After we upgraded from Windows XP to Windows 7 we started getting problems with VPN users not being able to connect or weird things happening (random re-boots!).
We then discovered that Cisco did not support the VPN Client using IPSEC tunnels in Windows 7! We apparently had to use the new Anyconnect VPN tunnels and client software.
Our VPN setup is rather different to the standard VPN setup – most IT Managers setup their VPN on a per user basis (particularly with the newer SSL VPNs). That’s all well and good but what happens if they have been using a communal laptop on the road – we have several laptops that are held as a pool for use by anyone. Our staff logon to these laptops as a standard user called ‘User’ and then connect to the company with VPN using their network username and password. What happens if the laptop is lost or stolen? You have no means of revoking access to the VPN for that laptop. This scenario extends to home users as well who may have had their desktop computer stolen in a house robbery. And, most importantly, this scenario is also relevant for mobile devices which we are increasingly connecting to the VPN system.
Rather than live with this problem we prefer to create a separate tunnel group for each device with its own IPSEC shared secret password. When we are notified we can then delete that tunnel group and know without doubt that the device cannot be used to access our network. We are effectively creating a 2 factor authentication solution – something the user has (a company approved device) and something they know (their username and password). This system also has the added advantage of locking down VPN access to company approved devices only – vitally important to keep the nasties out of your company network.

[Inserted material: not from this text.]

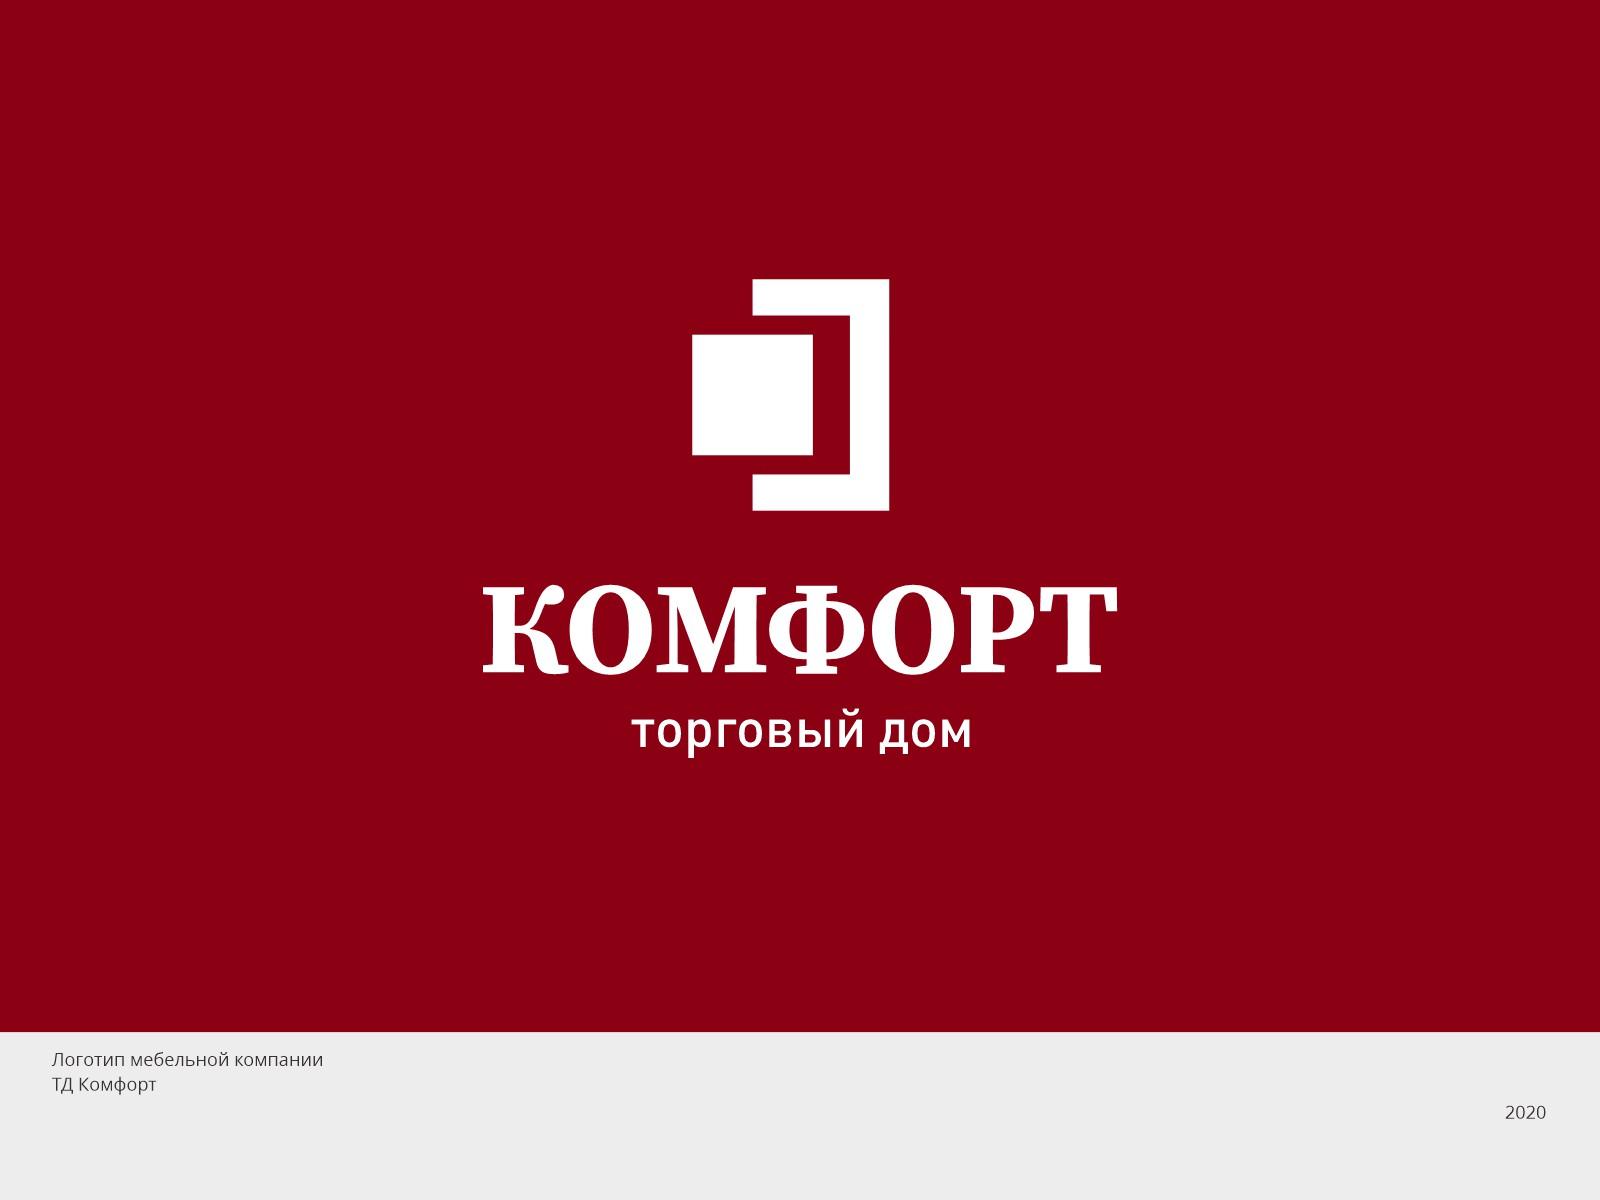 Логотип ТД Комфорт

For our VPN system we have 2 Cisco ASA units working in Active/Standby mode – if one unit fails or is brought down for maintenance the other unit automatically kicks in. On Cisco ASA units with the most up to date software the VPN tunnels do not disconnect when this failover occurs, all IPSEC VPN tunnels stay up. This is a fantastic feature for when we need to update software on the ASAs – we can simply failover and work on the inactive unit without having to inform VPN users, then failback and work on the other unit in the same way – no downtime whatsoever. In addition our 2 units are in different geographic locations with a good point to point link between them. This all provides a very robust service – something we really need with so many users these days on the road or home working in various parts of the world.
Therefore, we wanted to replicate this system with the Anyconnect VPN solution and not suffer the problems with the incompatible VPN client software in Windows 7. But we soon came across a major problem.
Anyconnect VPN relies on IKEv2 or SSL which both require the use of certificates from a certificate authority (CA) rather than shared secrets. This is fine as the Cisco ASA contains a CA server component which you can set up to serve certificates to the VPN tunnel groups. Devices then use a separate certificate according to their device tunnel group. We tested this setup on a lone Cisco ASA 5505 unit before moving the configuration to our production ASA 5510 units that are in Active/Standby mode.
And that’s when the problem became apparent – the Cisco ASA software does not support a Certificate Authority on ASA units setup as Active/Standby units. The only suggestion Cisco could make was to use a Windows based certificate authority but that meant extra servers being tied up as CA servers with failover setup between the 2 – not trivial!
In the end we had to give up. As it turned out, Cisco recognised this as a bug which is still active awaiting resolution see: http://tools.cisco.com/Support/BugToolKit/search/getBugDetails.do?method=fetchBugDetails&bugId=CSCsm17487 (You will need a Cisco support username to view this).
In the meantime they did update their IPSECv1 based VPN client to support Windows 7 so we have happily been using that without any problems (current version: 5.0.07.0440) with our IPSECv1 per device VPN setup. However, Cisco have stated that the VPN Client is end of life and will no longer be updated. They recommend you use the Anyconnect client instead – useless advice as we can’t use that becuase of the CA server failover problem!